* **Exercise**:
Output range, inclusive: from the line containing "modeling with blender" to the line containing "let me know". Restate those lines from the data below word for word and only those.
━━━━━ Provided data
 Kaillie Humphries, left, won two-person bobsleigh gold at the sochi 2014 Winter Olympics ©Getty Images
━━━━━━━━━━
━━━━━ Provided data
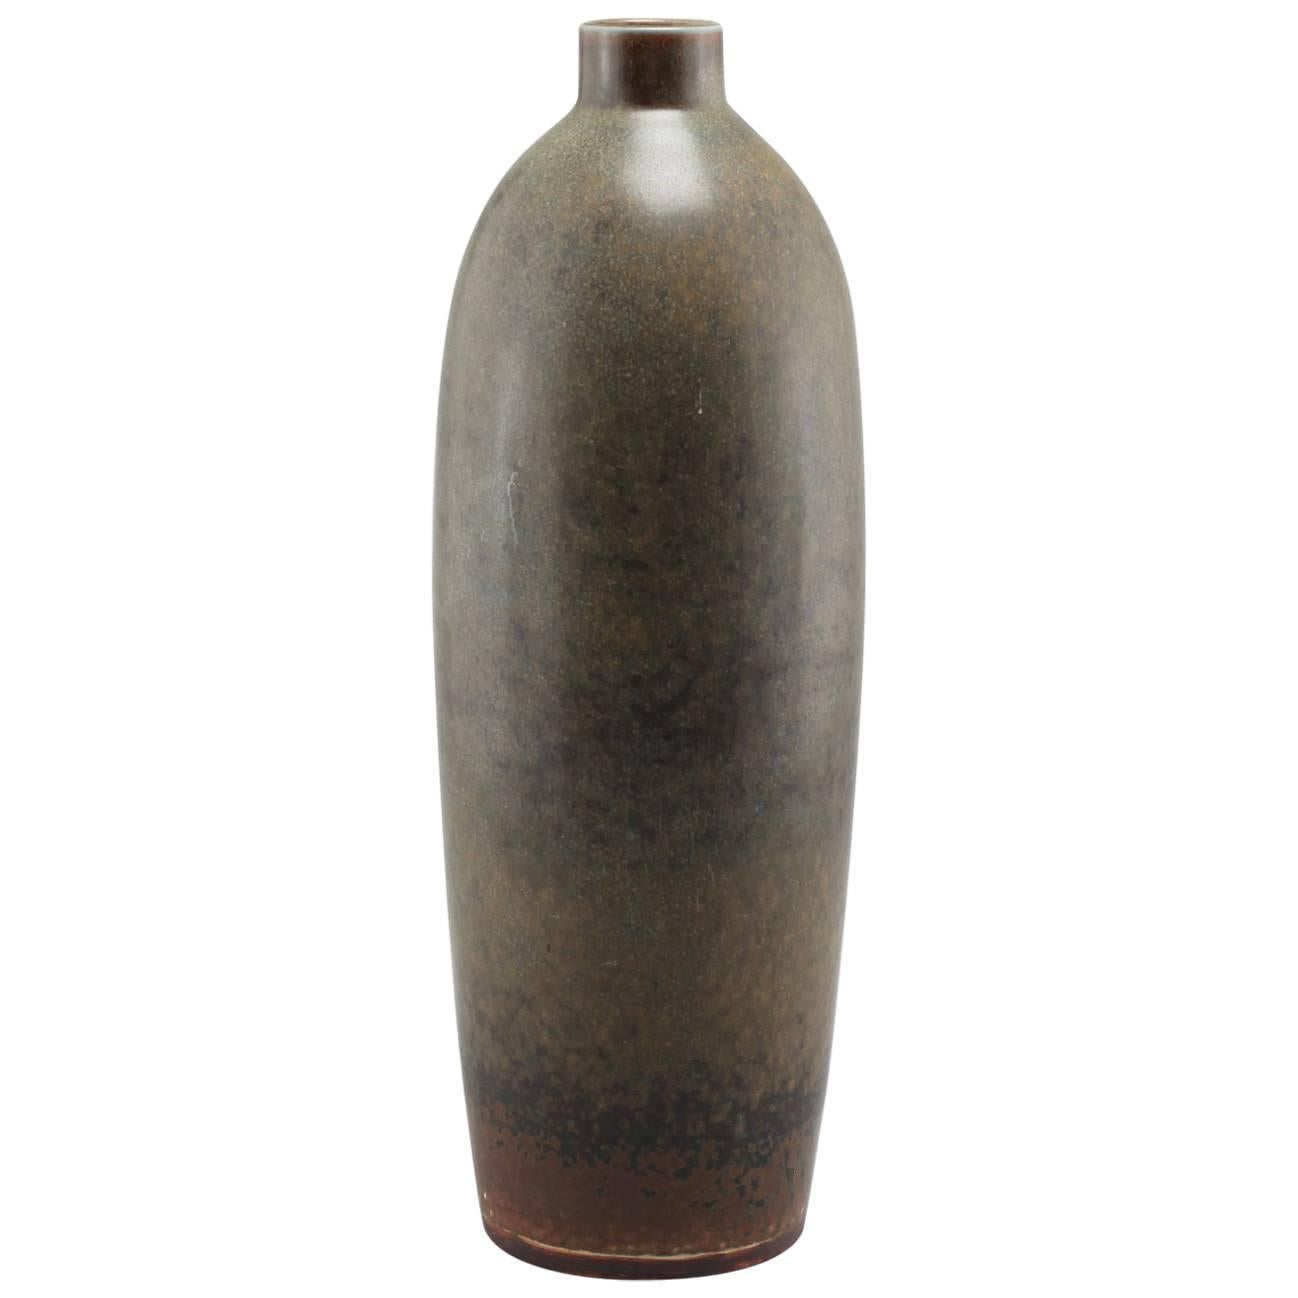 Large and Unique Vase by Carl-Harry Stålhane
━━━━━━━━━━
━━━━━ Provided data
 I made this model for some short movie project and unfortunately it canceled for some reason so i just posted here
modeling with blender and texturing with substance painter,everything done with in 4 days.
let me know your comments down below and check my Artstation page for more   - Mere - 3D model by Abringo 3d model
━━━━━━━━━━
* **Exercise result**:
modeling with blender and texturing with substance painter,everything done with in 4 days.
let me know your comments down below and check my Artstation page for more   - Mere - 3D model by Abringo 3d model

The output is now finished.